I feel those things make me disqualified from marriage. Didn't know about the going bald, but I can always do a Bruce Willis. The gel is called andor gel. It is prescription.


----------



## He's a Superhero! (May 1, 2013)

dvnj22 said:


> I feel those things make me disqualified from marriage. Didn't know about the going bald, but I can always do a Bruce Willis. The gel is called andor gel. It is prescription.


That's your low self-esteem talking. Plenty of women really don't mind if a guy has extra weight for one thing - I know very happy couples where the guy is particularly weighty. I honestly don't know what women think of smaller penises though, but it could just be a low testosterone issue anyway - and as long as it works, right? And even then it is possible, as I've heard of Asexual marriages, and marriages where they can't have sex due to one of them's injury or disability. Marriage isn't all about sex, and for some people it isn't about sex at all. There's also plenty of things you can do about fighting depression, and some of those things are good for increasing testosterone levels as well - plenty of rest, a healthy diet, more exercise (especially strength muscles in this case), and reducing stress are all things that help with both problems.

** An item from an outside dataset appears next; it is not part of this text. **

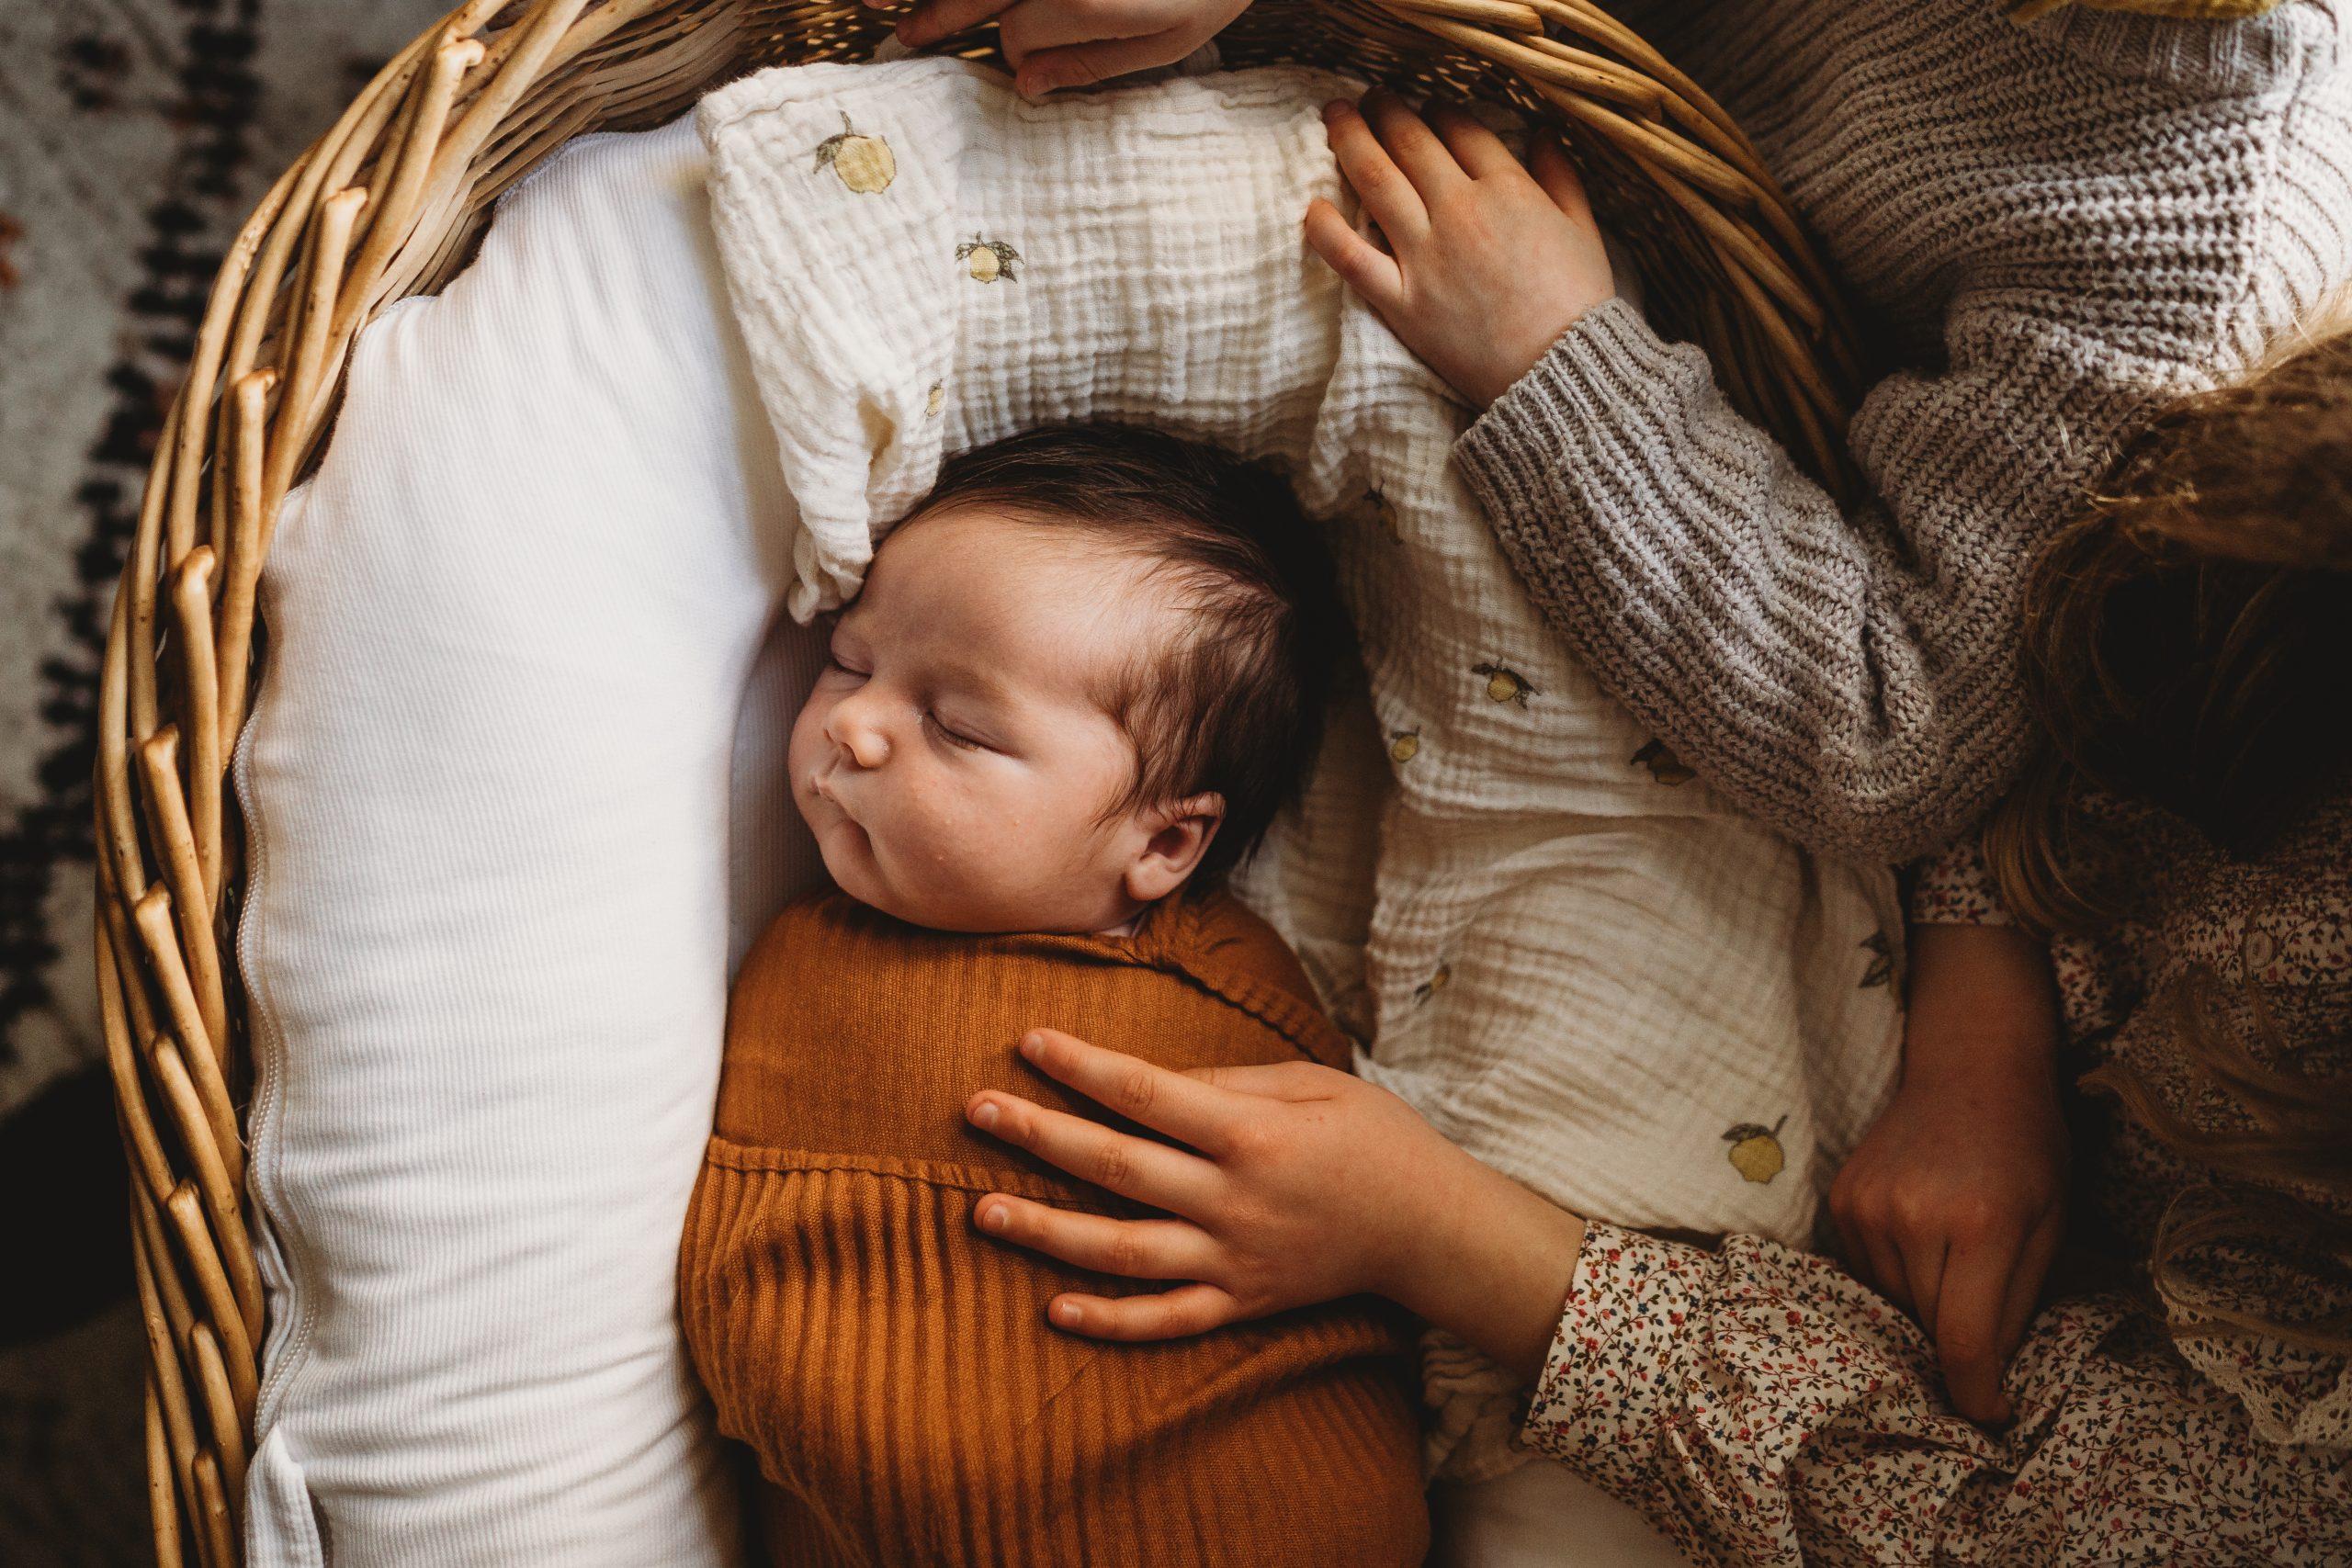 family cuddling on saiofa at home with newborn

Yep, for some reason although testosterone gives you chest hair, it can also take away hair at the top of your head...weird I know, but that's the way it works for some reason. Don't worry though, plenty of men with high levels of testosterone don't lose their hair, but it is a higher probability. And Bruce Willis is awesome.


----------



## dvnj22 (Apr 24, 2013)

He's a Superhero! said:


> That's your low self-esteem talking. Plenty of women really don't mind if a guy has extra weight for one thing - I know very happy couples where the guy is particularly weighty. I honestly don't know what women think of smaller penises though, but it could just be a low testosterone issue anyway - and as long as it works, right? And even then it is possible, as I've heard of Asexual marriages, and marriages where they can't have sex due to one of them's injury or disability. Marriage isn't all about sex, and for some people it isn't about sex at all. There's also plenty of things you can do about fighting depression, and some of those things are good for increasing testosterone levels as well - plenty of rest, a healthy diet, more exercise (especially strength muscles in this case), and reducing stress are all things that help with both problems.
> 
> Yep, for some reason although testosterone gives you chest hair, it can also take away hair at the top of your head...weird I know, but that's the way it works for some reason. Don't worry though, plenty of men with high levels of testosterone don't lose their hair, but it is a higher probability. And Bruce Willis is awesome.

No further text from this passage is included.